Y al fin andar sin pensamiento:
El paso del tiempo, en el mejor de los casos, suele cambiarnos y por ende, cambiar la perspectiva de las cosas. Esta es la premisa sobre la cual se apoya Tiempo perdido (2019), opera prima de los realizadores argentinos Francisco Novick y Natalio Pagés, que puede caracterizarse como un drama intimista pero quizás con más precisión como un coming of age.
En términos formales, es una película austera, mesurada y adecuadamente ejecutada. Está focalizada en el punto de vista de un protagonista adulto detenido en la adolescencia, donde el recurso al flashback está al servicio de reponer información del pasado.

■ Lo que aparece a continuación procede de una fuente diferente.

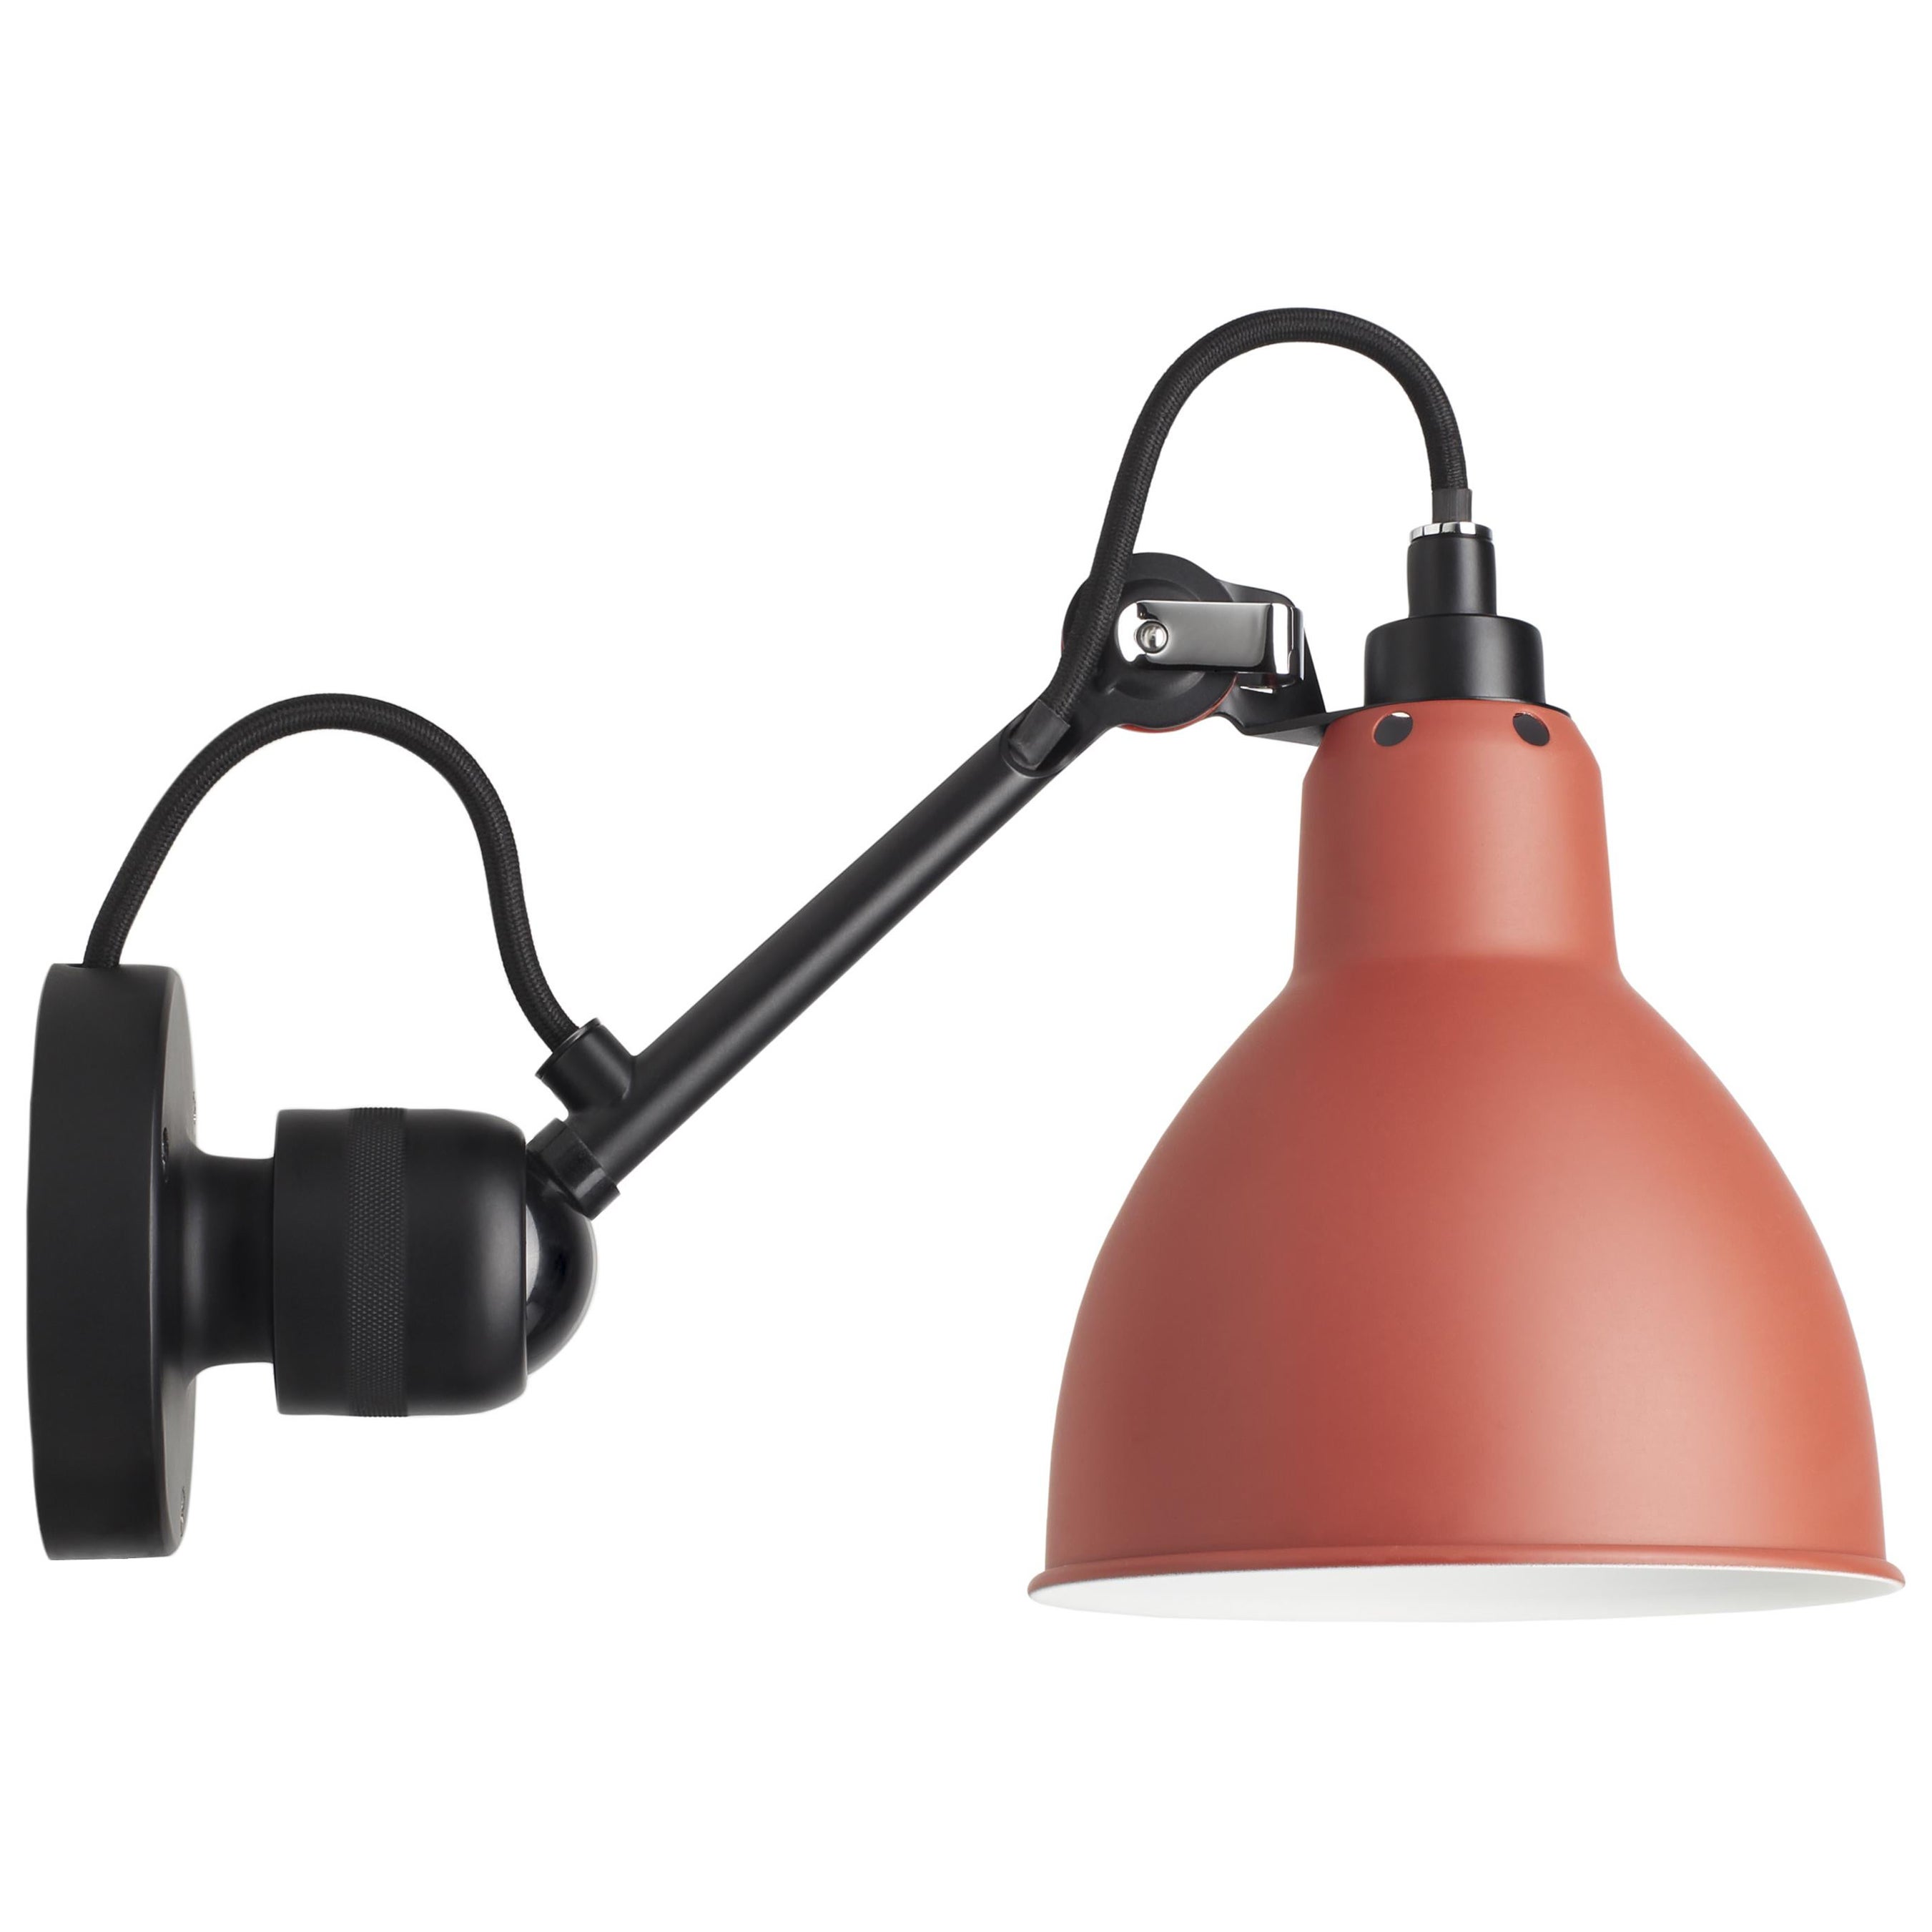 DCW Editions La Lampe Gras N°304 CA Wall Lamp in Black Arm and Red Shade

Agustín (Martín Slipak) vive hace seis años en Oslo. Allí tiene un cargo en la universidad y está realizando una investigación sobre la influencia de Ibsen en el teatro nórdico contemporáneo. Está casado con una mujer noruega que es pediatra, a quien define como inteligente y responsable. En suma, es una mujer que le es funcional y que le garantiza un orden de vida convencional.

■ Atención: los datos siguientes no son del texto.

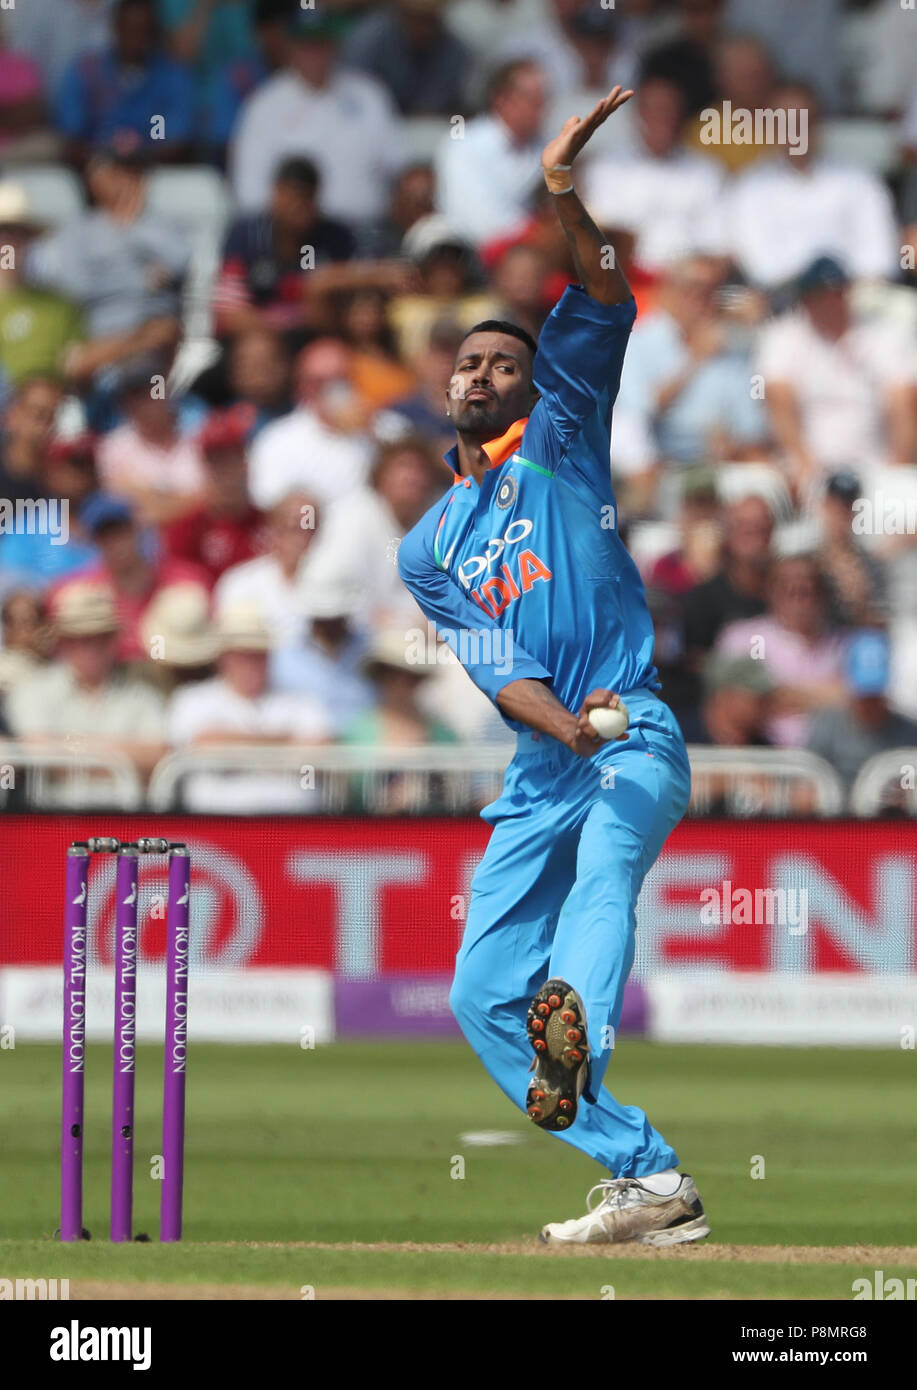 India's Hardik Pandya during the One Day International Series match at  Trent Bridge, Nottingham. PRESS ASSOCIATION Photo. Picture date: Thursday  July 12. See PA story CRICKET England. Photo credit should read: David

Un ciclo de conferencias sobre teatro nórdico patrocinado por la embajada de Noruega lo trae como expositor a Buenos Aires, luego de cierto tiempo. Su vestimenta de colores oscuros y fríos, su rutina fija de conferencias y horas en la biblioteca, su comentario sobre el trabajo de una colega calificándolo como “puro sentimentalismo vacío”, ya caracterizan su posición. La de Agustín es una vida monótona, dedicada al trabajo, marcada por un profundo y asfixiante sentido de la responsabilidad de devolverle a la sociedad la formación que ha recibido a través de sus eruditos estudios. Es el paradigma del neurótico obsesivo, consagrado a los devaneos intelectuales y al deber ser más que a la pasión vivificante, a la cual considera superflua e insignificante en relación con la hazaña racional de su gesta. En suma, el ocio de la vida es para él una pérdida de tiempo.

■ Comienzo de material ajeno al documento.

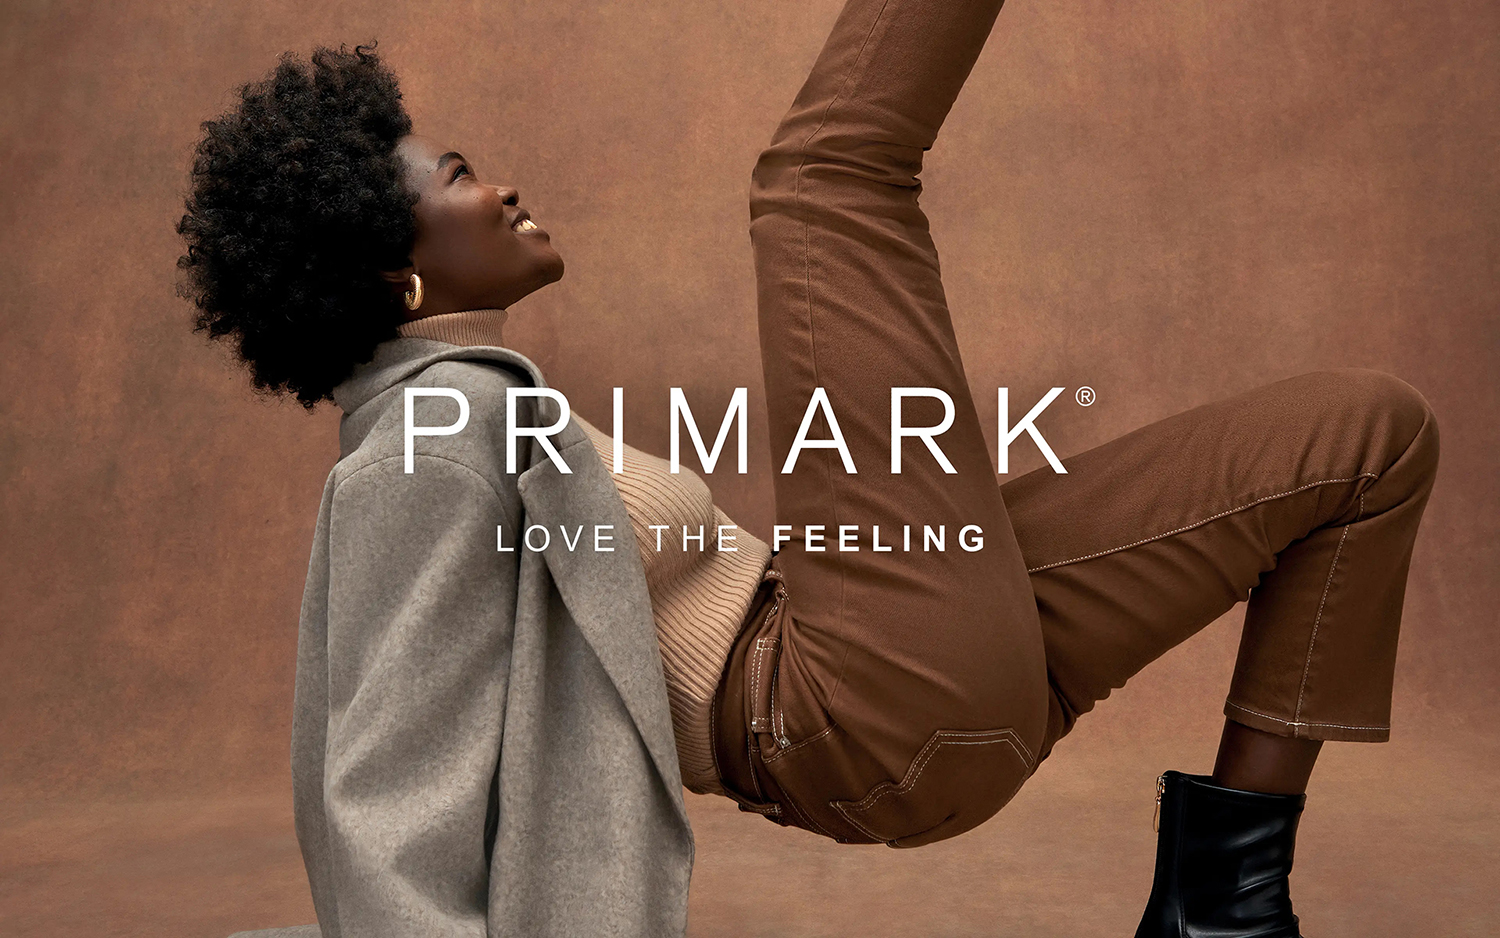 From Budget to Benefit – a Global Primark Rebrand to Inspire a Bigger, Brighter Feeling

Este viaje a Buenos Aires lo reencuentra con Marina (María Canale), un viejo amor de juventud, de quien se escabulle bajo pretexto de sus importantes conferencias. Como buen obsesivo, con sus obligaciones mata todo deseo que pueda aparecer en él y en ella, no sea cosa que pierda el control del rumbo de su vida. En oposición a él, Marina es una bocanada de aire fresco. Por su interés por la música y su carácter errático y ambiguo, encarna un deseo femenino temible.
El circunspecto protagonista concreta en esta ocasión un reencuentro con Carlos (Cesar Brie), su profesor de literatura del secundario. Cuando Agustín se reúne con él, conserva del maestro su mirada de adolescente. Es una figura paterna idealizada. Sus clases ejercieron sobre él un influjo profundo que determinó su decisión de estudiar Letras. Agustín se dispone a declararle su devoción y a devolverle un libro de Ibsen que le prestó cuando era su profesor. Ibsen en este contexto es una intertextualidad acertada, ya que sus personajes generalmente se caracterizan por romper con las convenciones y los mandatos de la época, engendrando la pregunta acerca de si Agustín podrá liberarse del corset de su ritualizada vida.
El encuentro de Agustín con Carlos convoca a preguntarnos una vez más: ¿Qué es un padre? ¿Es aquel que transmite un Ideal o aquel que transmite un deseo? Bajo la mirada adolescente de Agustín, Carlos y sus encendidas clases marcaron para él el rumbo hacia el ideal de la literatura, hacia su estudio meticuloso y razonado. Pero en la conversación, ese hombre al que mira con devoción comienza a aparecer bajo otro prisma. Tras el dolor por la separación de su esposa, ya no da clases y la literatura está lejos de ser su centro de interés, que hoy pasa por la felicidad de haber podido enamorarse otra vez. La conversación en el restaurante entre ambos es claramente un duelo donde se contraponen dos modos distintos de gozar: razón científica vs pasión romántica. Porque al fin y al cabo, ¿de qué sirve el saber sino podemos operar con él para ser más felices? ¿Es acaso tiempo perdido el que se le dedica al disfrute o el que se consagra devotamente al saber teórico sin consecuencias concretas?
El reencuentro con Carlos marca para Agustín la caída del padre idealizado de la adolescencia, que ahora aparece bajo una nueva luz: la del padre que es capaz de transmitir su deseo por una mujer. Y acaso entonces pueda ser posible para él animarse a un desvío, jugársela por un amor.